Traditional Chinese Medicine (TCM) was developed more than 2,500 years ago in China, and involves understanding and redistributing the body’s energy force, called chi, along meridians or channels in the body. TCM healers use herbs and medicines (some of which come from endangered species, such as tigers or rhino horns), as well as mind-body practices like tai chi and acupuncture. In acupuncture, practitioners will insert tiny needles along the body’s meridians to heal an ailment.

 

There are few studies accessible to the western world that have systematically evaluated TCM, making it difficult to evaluate scientifically. However, some studies have started looking at the disease-fighting capabilities of certain TCM herbs.[64, 65] Although scientists do not understand how it works, several studies have shown that acupuncture treats chronic pain more effectively than no treatment or “sham” acupuncture treatments (placing needles on non-meridian points). Not only that, some brain imaging research has found that stimulating specific acupuncture points activated specific parts of the brain.[66]

 

Acupressure is a bodywork technique that involves putting pressure on the meridian points associated with a particular ailment, instead of using needles as they do in acupuncture.

 

Aromatherapy

 

Scent is one of our most prized senses, and it can be used to improve health and well-being. Massage therapists often add in aromatherapy into their practice, but this is a great therapy to do self-care. There are hundreds of essential oils that you can use for various needs, and these are sold at grocery stores, online and specialty stores.

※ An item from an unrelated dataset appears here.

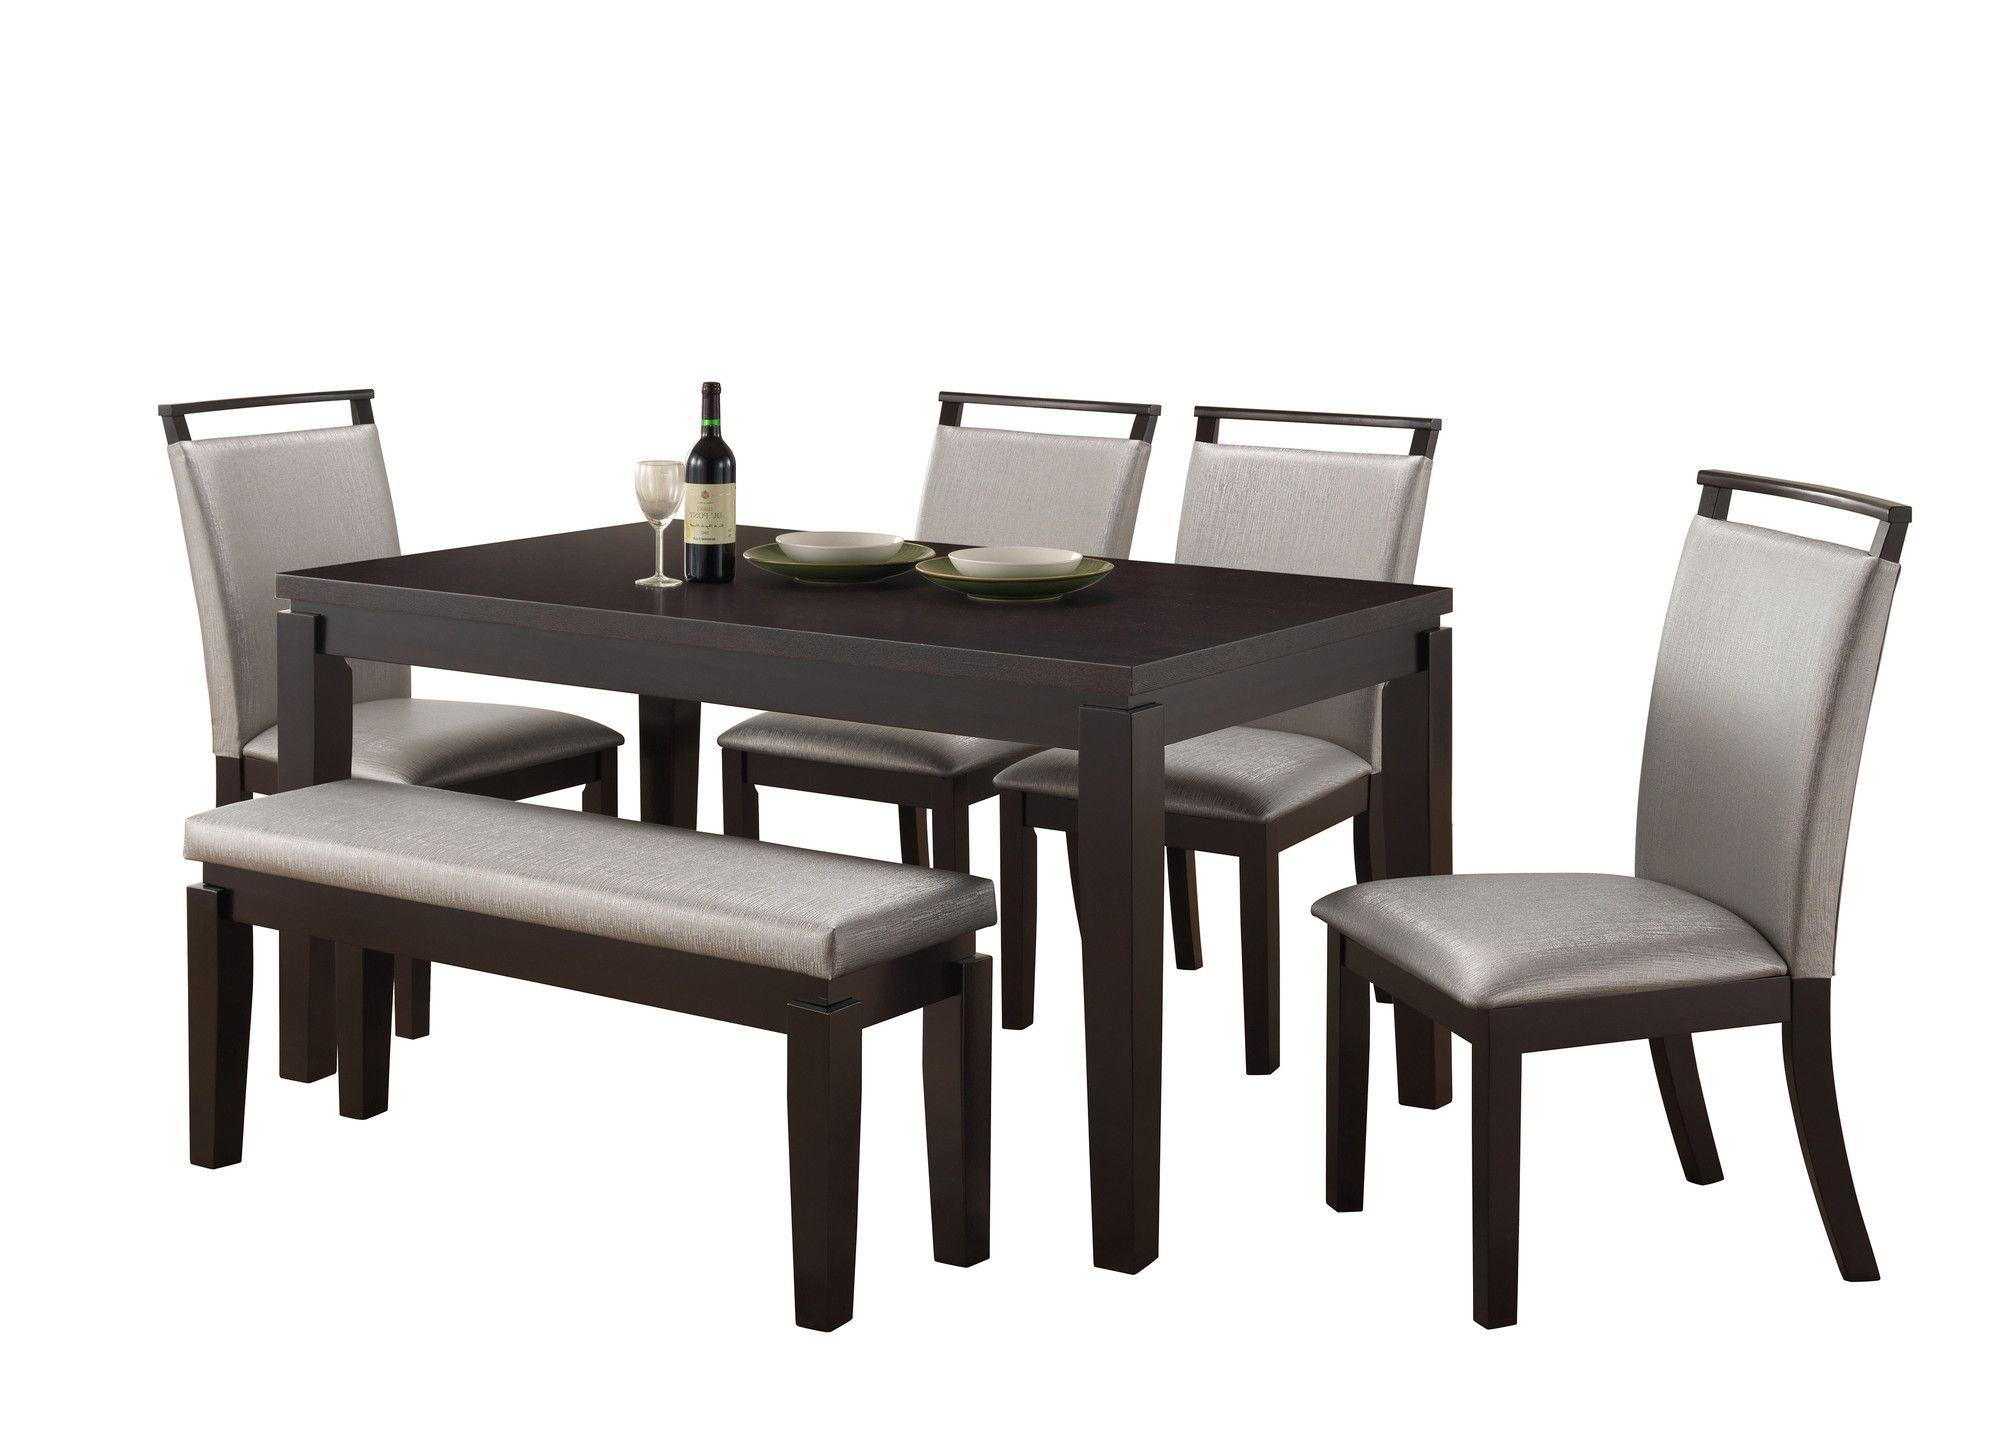 Garett Upholstered Dining Bench | Küchen, Bänke und Küchenbänke

  • Lavender oil can reduce anxiety and improve sleep.[67] Inhaling lavender also lessened the effects of premenstrual syndrome (PMS) in women.[68]
  • Orange oil was found to lower heart rate and decrease stress for students studying for exams[69]
  • Peppermint oil not only improves muscle relaxation and achy joints, inhaling peppermint oil can reduce nausea,[70] reverse mental fatigue[71] and improve physical performance in both mice and men.[72]

 

Natural Health Wrap-Up

 

 

There are a number of other alternative and complementary natural therapies, but what they have in common is that they look to natural herbs, nutrition, and lifestyle changes like exercise to maintain wellness while seeking to avoid costly and invasive surgeries or treatments.

 

Natural therapies can be empowering because — although many are not as well-researched as some conventional medical treatments — they typically have fewer side effects. However, always be sure to research the quality of the healthcare or therapy provider, natural health supplements, or treatments you are interested in. Check reviews, read as much as you can, and be an informed decision-maker about your own healthcare.

 

I truly believe my purpose on this planet is to help people live healthier lives. There are many simple, natural ways to improve your health and make you happier every day. I hope this guide helps you on your journey to better health.

 

†Results may vary. Information and statements made are for education purposes and are not intended to replace the advice of your doctor. Global Healing Center does not dispense medical advice, prescribe, or diagnose illness.